▶ _Supplied entries_:
******************************
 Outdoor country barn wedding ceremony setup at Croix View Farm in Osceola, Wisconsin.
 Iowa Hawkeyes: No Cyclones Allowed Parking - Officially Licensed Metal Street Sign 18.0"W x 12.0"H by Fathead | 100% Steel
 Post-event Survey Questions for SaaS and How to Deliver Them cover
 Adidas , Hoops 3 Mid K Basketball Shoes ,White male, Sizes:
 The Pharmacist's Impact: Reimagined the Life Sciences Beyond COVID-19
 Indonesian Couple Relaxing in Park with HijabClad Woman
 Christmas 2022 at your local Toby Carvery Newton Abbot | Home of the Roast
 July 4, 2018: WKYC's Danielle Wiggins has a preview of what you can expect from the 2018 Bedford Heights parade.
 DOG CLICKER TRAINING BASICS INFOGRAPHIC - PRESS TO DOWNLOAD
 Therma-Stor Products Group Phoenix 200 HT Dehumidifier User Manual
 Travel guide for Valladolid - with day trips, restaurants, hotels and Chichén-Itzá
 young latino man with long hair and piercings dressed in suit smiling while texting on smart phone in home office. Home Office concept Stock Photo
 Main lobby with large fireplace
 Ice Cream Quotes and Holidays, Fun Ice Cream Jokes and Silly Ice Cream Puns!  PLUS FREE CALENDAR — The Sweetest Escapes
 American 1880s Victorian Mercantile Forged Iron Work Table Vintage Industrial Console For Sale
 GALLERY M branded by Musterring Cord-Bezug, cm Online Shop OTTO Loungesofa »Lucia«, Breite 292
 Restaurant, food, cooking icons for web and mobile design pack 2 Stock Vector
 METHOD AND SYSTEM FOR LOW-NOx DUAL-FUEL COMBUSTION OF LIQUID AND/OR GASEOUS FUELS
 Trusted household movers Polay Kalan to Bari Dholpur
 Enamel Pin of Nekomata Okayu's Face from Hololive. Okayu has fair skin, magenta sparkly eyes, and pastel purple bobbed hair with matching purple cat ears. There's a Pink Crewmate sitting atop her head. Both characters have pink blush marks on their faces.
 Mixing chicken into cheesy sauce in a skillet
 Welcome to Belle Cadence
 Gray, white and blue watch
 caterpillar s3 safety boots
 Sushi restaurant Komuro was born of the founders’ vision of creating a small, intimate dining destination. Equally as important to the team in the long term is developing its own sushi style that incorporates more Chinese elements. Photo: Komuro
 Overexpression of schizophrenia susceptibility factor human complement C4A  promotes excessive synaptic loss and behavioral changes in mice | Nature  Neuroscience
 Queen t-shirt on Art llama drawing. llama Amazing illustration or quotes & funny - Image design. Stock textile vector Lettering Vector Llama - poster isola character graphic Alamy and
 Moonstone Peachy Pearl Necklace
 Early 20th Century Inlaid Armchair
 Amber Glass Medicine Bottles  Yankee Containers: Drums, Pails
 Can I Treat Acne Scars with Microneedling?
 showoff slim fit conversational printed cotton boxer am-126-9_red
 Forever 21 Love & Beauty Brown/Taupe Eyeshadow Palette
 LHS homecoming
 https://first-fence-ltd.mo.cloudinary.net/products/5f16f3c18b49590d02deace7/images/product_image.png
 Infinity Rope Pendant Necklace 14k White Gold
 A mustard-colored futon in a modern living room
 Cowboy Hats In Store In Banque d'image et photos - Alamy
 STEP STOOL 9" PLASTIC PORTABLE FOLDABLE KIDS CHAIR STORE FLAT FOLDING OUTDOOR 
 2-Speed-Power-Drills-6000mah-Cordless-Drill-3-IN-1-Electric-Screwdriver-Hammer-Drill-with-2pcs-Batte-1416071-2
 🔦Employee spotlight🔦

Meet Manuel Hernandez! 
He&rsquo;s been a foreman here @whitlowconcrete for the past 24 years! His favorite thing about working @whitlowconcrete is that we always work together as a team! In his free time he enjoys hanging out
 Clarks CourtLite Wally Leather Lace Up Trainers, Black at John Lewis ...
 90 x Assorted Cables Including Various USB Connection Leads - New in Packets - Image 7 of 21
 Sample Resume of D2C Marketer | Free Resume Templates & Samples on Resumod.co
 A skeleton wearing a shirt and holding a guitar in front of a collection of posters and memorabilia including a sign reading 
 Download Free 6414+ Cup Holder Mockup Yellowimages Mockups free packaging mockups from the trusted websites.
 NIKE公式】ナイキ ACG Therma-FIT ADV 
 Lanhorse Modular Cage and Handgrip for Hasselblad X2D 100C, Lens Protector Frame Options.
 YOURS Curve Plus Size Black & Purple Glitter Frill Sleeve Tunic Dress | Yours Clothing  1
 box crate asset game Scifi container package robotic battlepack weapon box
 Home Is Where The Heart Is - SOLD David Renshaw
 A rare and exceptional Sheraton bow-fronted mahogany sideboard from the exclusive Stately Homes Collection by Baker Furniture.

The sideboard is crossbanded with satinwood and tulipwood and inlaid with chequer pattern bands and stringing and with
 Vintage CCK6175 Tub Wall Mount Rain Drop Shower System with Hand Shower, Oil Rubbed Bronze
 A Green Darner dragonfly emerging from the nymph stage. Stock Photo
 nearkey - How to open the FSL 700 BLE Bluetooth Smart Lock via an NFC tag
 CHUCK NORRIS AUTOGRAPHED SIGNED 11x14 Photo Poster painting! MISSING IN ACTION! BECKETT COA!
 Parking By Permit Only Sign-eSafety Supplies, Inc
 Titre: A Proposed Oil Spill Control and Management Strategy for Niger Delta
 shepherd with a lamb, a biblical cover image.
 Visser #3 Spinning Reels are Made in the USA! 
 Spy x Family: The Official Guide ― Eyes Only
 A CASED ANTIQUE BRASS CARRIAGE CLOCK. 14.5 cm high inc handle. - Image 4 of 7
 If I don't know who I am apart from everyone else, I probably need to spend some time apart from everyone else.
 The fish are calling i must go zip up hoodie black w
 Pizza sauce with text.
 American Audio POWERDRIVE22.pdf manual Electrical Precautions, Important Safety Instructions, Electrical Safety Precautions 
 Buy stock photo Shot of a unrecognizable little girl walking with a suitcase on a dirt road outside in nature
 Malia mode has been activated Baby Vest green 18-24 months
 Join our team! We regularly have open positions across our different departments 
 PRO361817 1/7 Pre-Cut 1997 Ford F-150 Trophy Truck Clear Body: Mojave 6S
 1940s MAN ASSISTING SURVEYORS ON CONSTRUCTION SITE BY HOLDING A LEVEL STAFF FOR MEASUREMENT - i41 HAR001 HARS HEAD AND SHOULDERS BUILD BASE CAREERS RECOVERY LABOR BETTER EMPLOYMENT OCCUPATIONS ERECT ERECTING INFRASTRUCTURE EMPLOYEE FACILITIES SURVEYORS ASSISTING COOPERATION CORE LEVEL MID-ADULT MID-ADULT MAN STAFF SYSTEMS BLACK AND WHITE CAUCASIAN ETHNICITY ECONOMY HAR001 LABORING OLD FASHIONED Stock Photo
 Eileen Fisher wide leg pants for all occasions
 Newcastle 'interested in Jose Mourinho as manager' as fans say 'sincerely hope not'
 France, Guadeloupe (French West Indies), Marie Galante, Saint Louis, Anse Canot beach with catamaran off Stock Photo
******************************
▶ _Problem to work on_: Start with the line above that contains "A Green Darner" and end with the line that contains "Malia mode has". Write out those lines exactly, and only those.

▶ _Output of the exercise_:
 A Green Darner dragonfly emerging from the nymph stage. Stock Photo
 nearkey - How to open the FSL 700 BLE Bluetooth Smart Lock via an NFC tag
 CHUCK NORRIS AUTOGRAPHED SIGNED 11x14 Photo Poster painting! MISSING IN ACTION! BECKETT COA!
 Parking By Permit Only Sign-eSafety Supplies, Inc
 Titre: A Proposed Oil Spill Control and Management Strategy for Niger Delta
 shepherd with a lamb, a biblical cover image.
 Visser #3 Spinning Reels are Made in the USA! 
 Spy x Family: The Official Guide ― Eyes Only
 A CASED ANTIQUE BRASS CARRIAGE CLOCK. 14.5 cm high inc handle. - Image 4 of 7
 If I don't know who I am apart from everyone else, I probably need to spend some time apart from everyone else.
 The fish are calling i must go zip up hoodie black w
 Pizza sauce with text.
 American Audio POWERDRIVE22.pdf manual Electrical Precautions, Important Safety Instructions, Electrical Safety Precautions 
 Buy stock photo Shot of a unrecognizable little girl walking with a suitcase on a dirt road outside in nature
 Malia mode has been activated Baby Vest green 18-24 months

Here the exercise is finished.